追放幼女の領地開拓記~シナリオ開始前に追放された悪役令嬢が民のためにやりたい放題した結果がこちらです~

一色孝太郎

第1話 悪役令嬢、八歳にして追放される

 あたしの名前はオリヴィア・エインズレイ。サウスベリー侯爵位をはじめ、数多くの爵位を持つ超名門貴族エインズレイ家の長女だ。


 夜の庭で気持ちよく月明かりを浴びながら、日課の闇の神聖魔法・・・・の練習をしていたのだが……。

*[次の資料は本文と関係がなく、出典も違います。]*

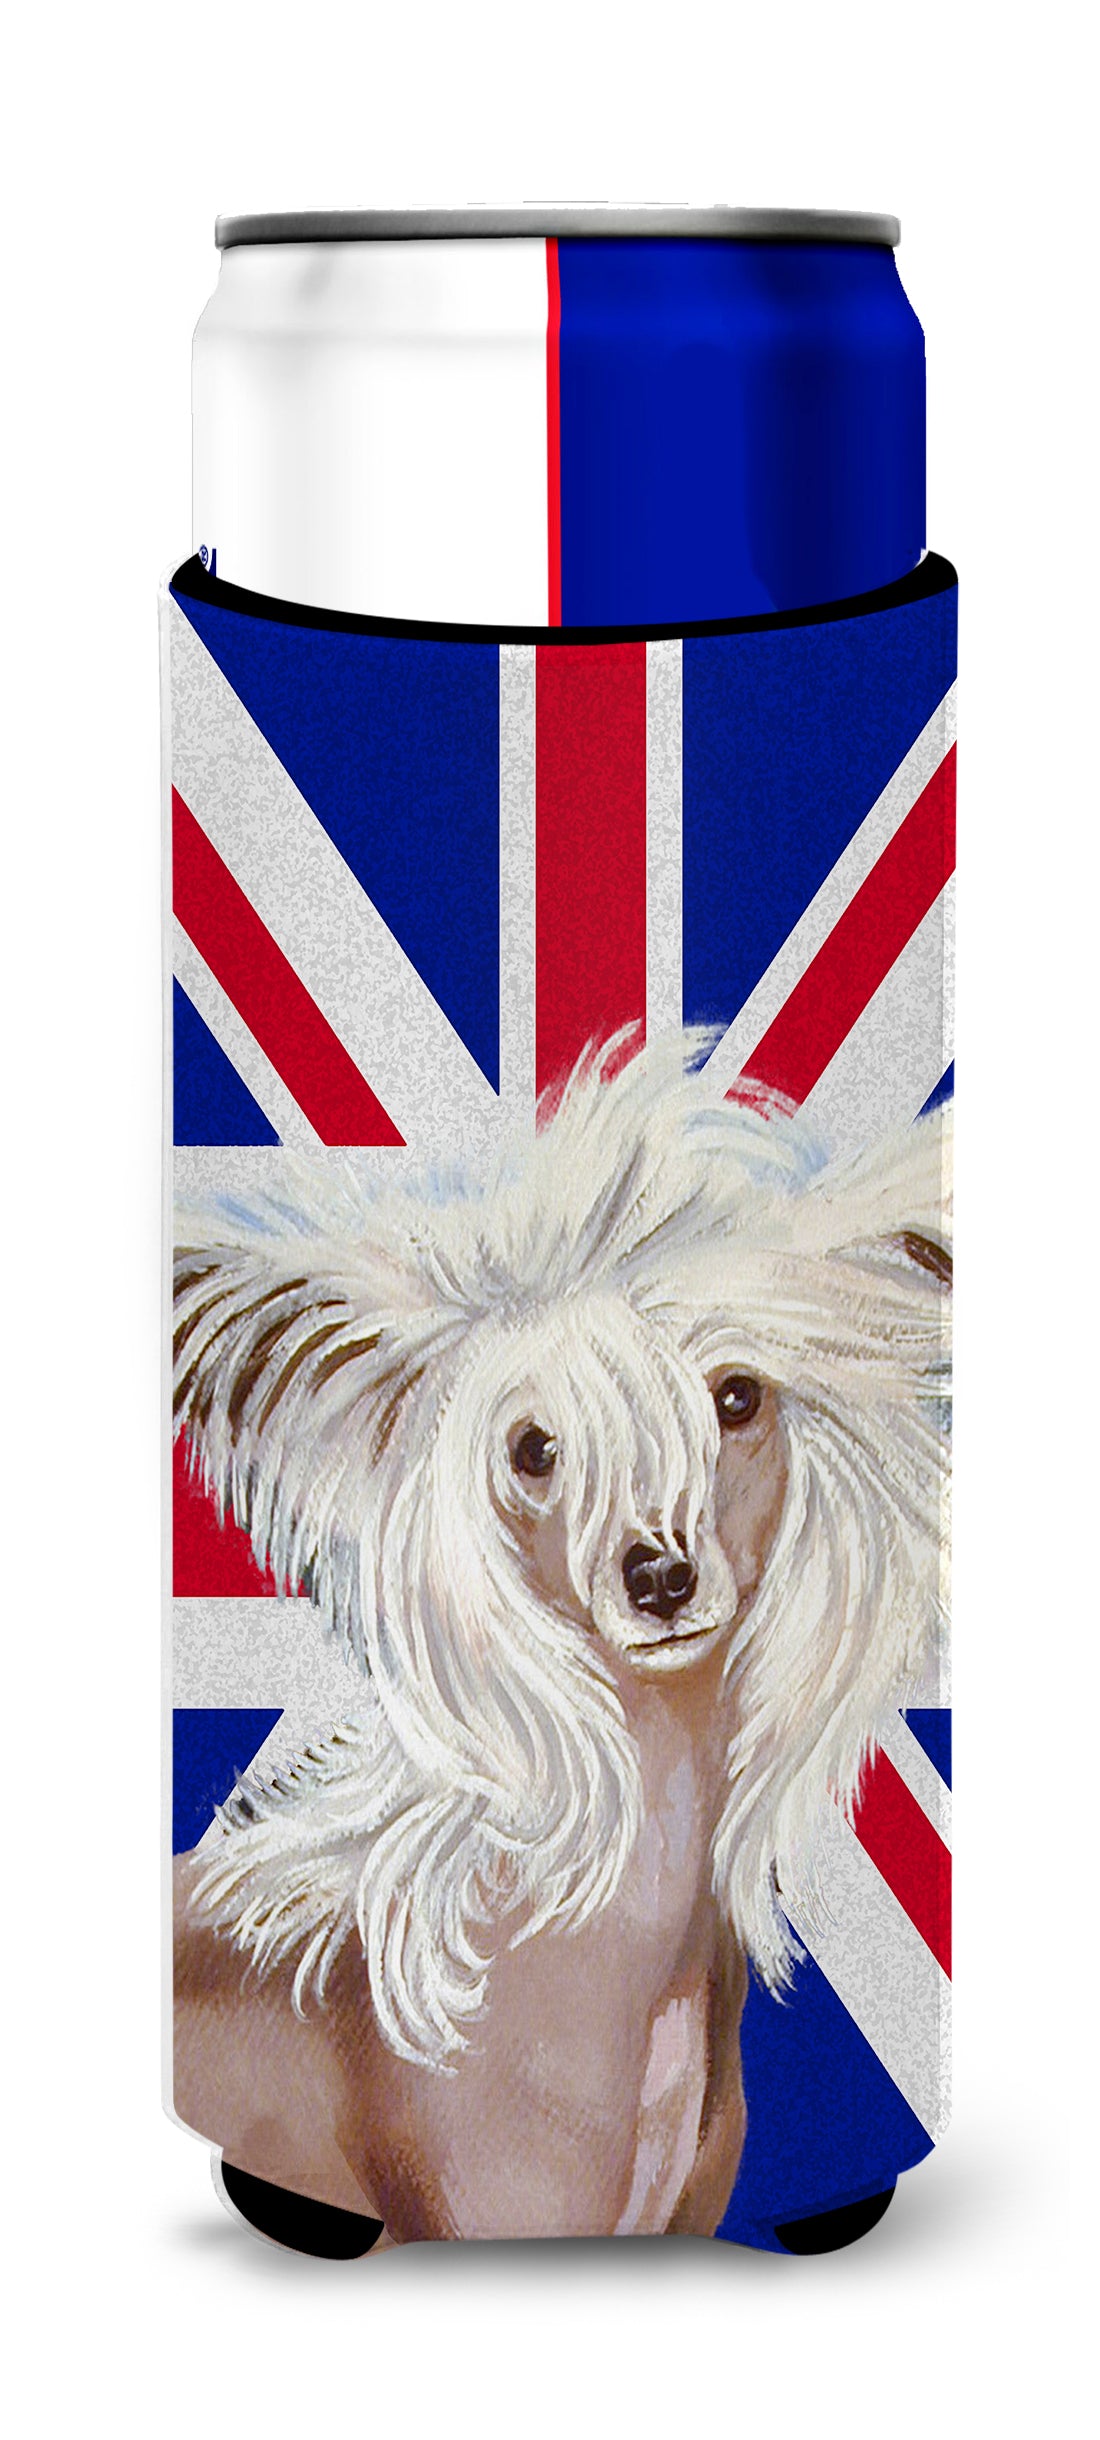 Chinese Crested with English Union Jack British Flag Ultra Beverage Insulators for slim cans LH9501MUK.

「一体なんてことだ! もう我慢ならん! オリヴィア! お前は追放だ!」


 見たこともないザビエルハゲのでっぷり太ったおじさんがいきなりそう怒鳴り込んできた。


「……誰?」


 着ている服もかなり上等そうだからお金持ちなんだとは思うけど、このおじさんは一体……?


「父親に向かってなんだ! その態度は!」


 えっ!? このおじさん、あたしの父親だったの!?


 というのも、あたしは生まれてこの方ずっとこの離れで軟禁されていたため、今世・・で家族に会ったことが一度もないのだ。


 軟禁された理由は馬鹿馬鹿しいのだが、あたしがこの国で呪われているとされる黒目黒髪を持って生まれたからだ。


 ちなみにあたしを産んだ母親は産褥死をしたそうなので、どういう人だったのかは知らない。


 ただ、そんな事情もあってあたしはこの離れに隔離され、乳母のマリーに育ててもらっている。


 だから親はいないが、マリーが母親のような存在なので寂しくはない。


 それに、前世の両親との思い出もあるしね。


 あ、ちなみに前世のあたしは先天性の重い病気を持っていて、十歳まで生きられないって言われていたんだ。


 だからずっと病室暮らしで、それでも通信制の高校を卒業できるかもってところまでは頑張ったんだけどね。


 ……結局十八歳にはなれずに死んじゃった。


 で、それを憐れんでくれた神様が、あたしが死ぬ間際にプレイしていたスマホ向け乙女ゲーム『魔法学園のイケメン王子様』、通称まほイケの世界の悪役令嬢オリヴィアに転生させてくれたってわけ。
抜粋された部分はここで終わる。